[DATA PROVIDED — start]

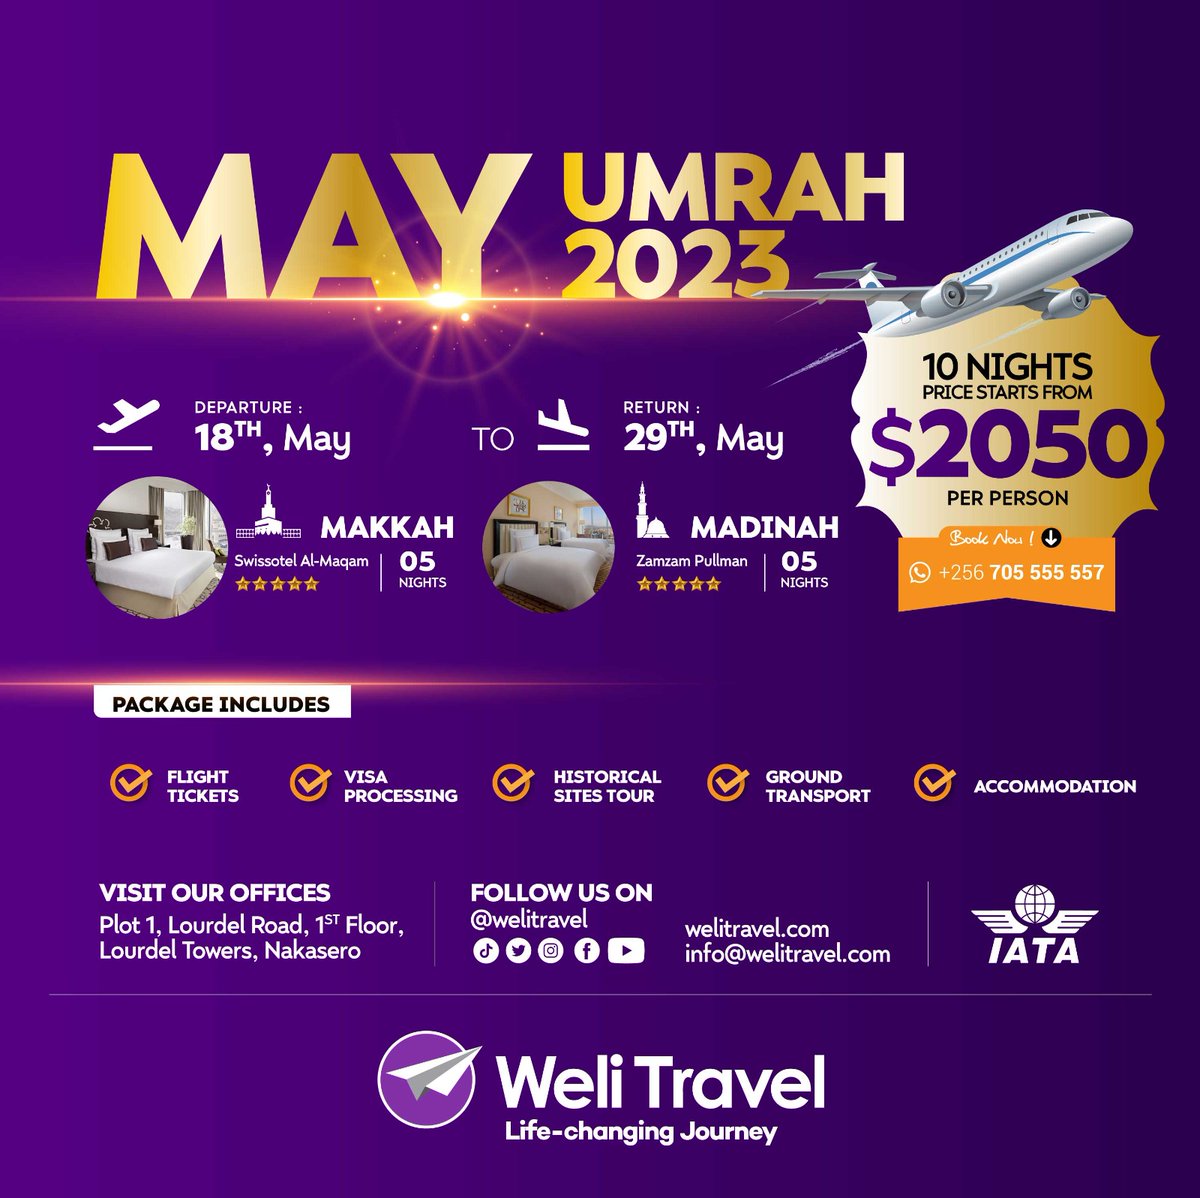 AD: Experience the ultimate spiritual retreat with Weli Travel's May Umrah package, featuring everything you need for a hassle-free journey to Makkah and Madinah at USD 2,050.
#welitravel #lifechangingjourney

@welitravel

[DATA PROVIDED — finish]

- [PROBLEM]: Where the material contains pictures, leave them out and copy the rest verbatim.

- [ANSWER BOX]:
 AD: Experience the ultimate spiritual retreat with Weli Travel's May Umrah package, featuring everything you need for a hassle-free journey to Makkah and Madinah at USD 2,050.
#welitravel #lifechangingjourney

@welitravel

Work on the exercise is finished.